5 SED pools are created depending on the descriptor sizes. An SED can be a 64
bytes sized descriptor or larger and must be physically contiguous. A kmem
cache pool is created for allocating the software descriptor that manages the
hardware descriptor. The super extended descriptor will take place of extended
descriptor under certain operations and be "attached" to the op descriptor
during operation. This is a new feature for ioatdma v3.3.

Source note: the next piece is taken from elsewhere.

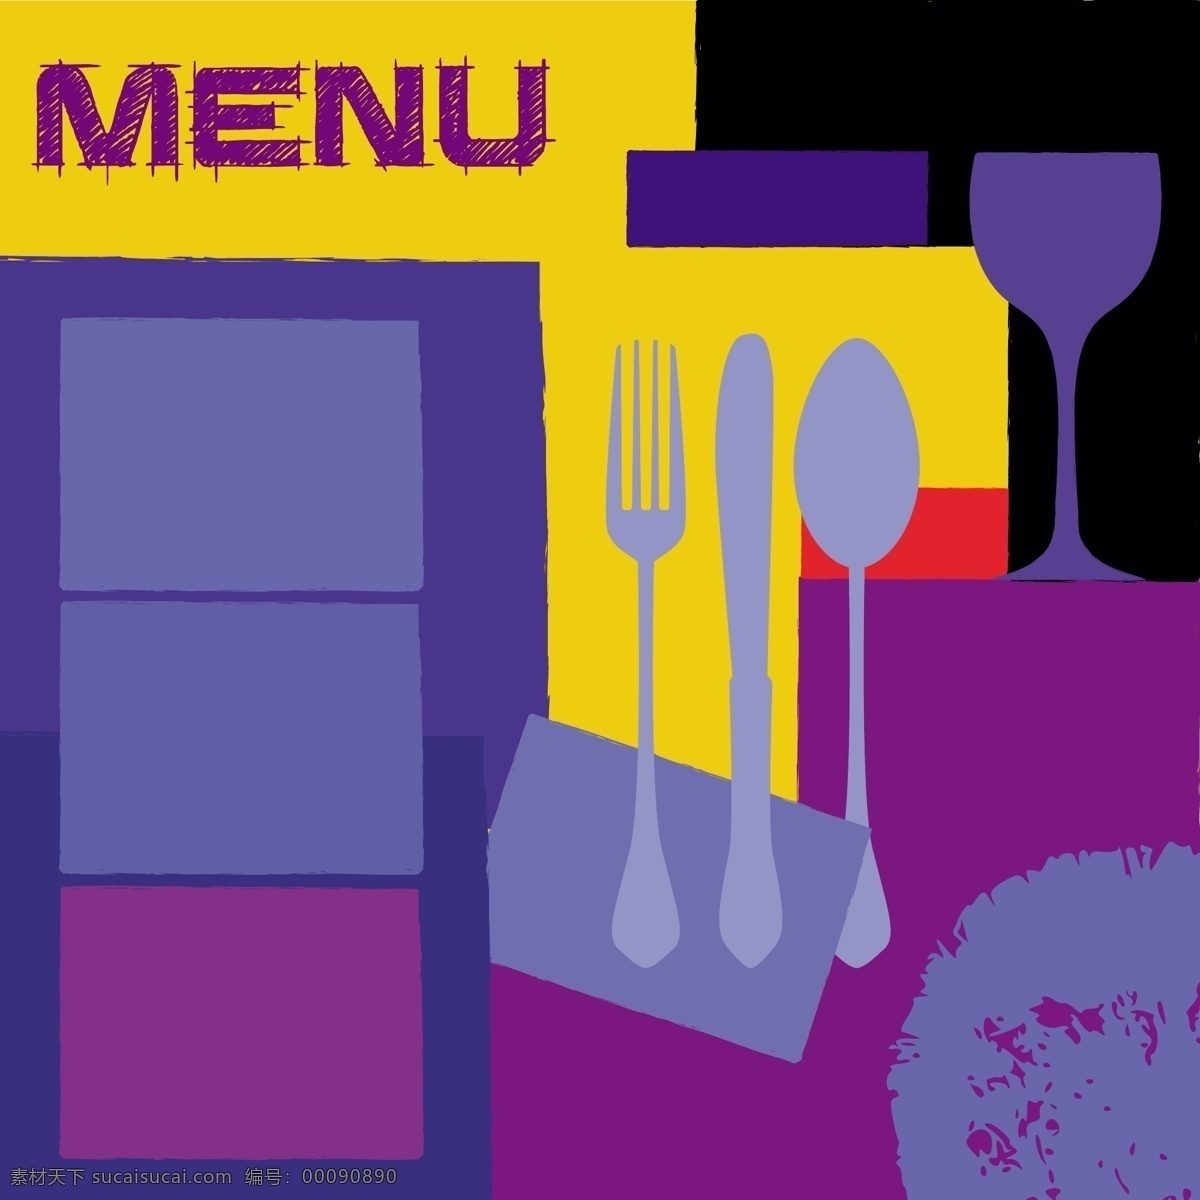 矢量 创意 菜单 模板 餐具 餐厅 创意菜单 创意设计 模板素材 设计矢量 矢量图

Signed-off-by: Dave Jiang <[email protected]>
Acked-by: Dan Williams <[email protected]>
---
drivers/dma/ioat/dma.h | 17 ++
drivers/dma/ioat/dma_v2.h | 2
drivers/dma/ioat/dma_v3.c | 399 ++++++++++++++++++++++++++++++++++++++++--
drivers/dma/ioat/hw.h | 43 ++++-
drivers/dma/ioat/pci.c | 3
drivers/dma/ioat/registers.h | 1
6 files changed, 443 insertions(+), 22 deletions(-)

diff --git a/drivers/dma/ioat/dma.h b/drivers/dma/ioat/dma.h
index 976eba8..35d7402 100644
--- a/drivers/dma/ioat/dma.h
+++ b/drivers/dma/ioat/dma.h
@@ -81,6 +81,9 @@ struct ioatdma_device {
void __iomem *reg_base;
struct pci_pool *dma_pool;
struct pci_pool *completion_pool;
+#define MAX_SED_POOLS 5
+ struct dma_pool *sed_hw_pool[MAX_SED_POOLS];
+ struct kmem_cache *sed_pool;
struct dma_device common;
u8 version;
struct msix_entry msix_entries[4];
@@ -141,6 +144,20 @@ struct ioat_dma_chan {
u16 active;
};

+/**
+ * struct ioat_sed_ent - wrapper around super extended hardware descriptor
+ * @hw: hardware SED
+ * @sed_dma: dma address for the SED
+ * @list: list member
+ * @parent: point to the dma descriptor that's the parent
+ */
+struct ioat_sed_ent {
+ struct ioat_sed_raw_descriptor *hw;
+ dma_addr_t dma;
+ struct ioat_ring_ent *parent;
+ unsigned int hw_pool;
+};
+
static inline struct ioat_chan_common *to_chan_common(struct dma_chan *c)
{
return container_of(c, struct ioat_chan_common, common);
diff --git a/drivers/dma/ioat/dma_v2.h b/drivers/dma/ioat/dma_v2.h
index e100f64..29bf944 100644
--- a/drivers/dma/ioat/dma_v2.h
+++ b/drivers/dma/ioat/dma_v2.h
@@ -137,6 +137,7 @@ struct ioat_ring_ent {
#ifdef DEBUG
int id;
#endif
+ struct ioat_sed_ent *sed;
};

static inline struct ioat_ring_ent *
@@ -157,6 +158,7 @@ static inline void ioat2_set_chainaddr(struct ioat2_dma_chan *ioat, u64 addr)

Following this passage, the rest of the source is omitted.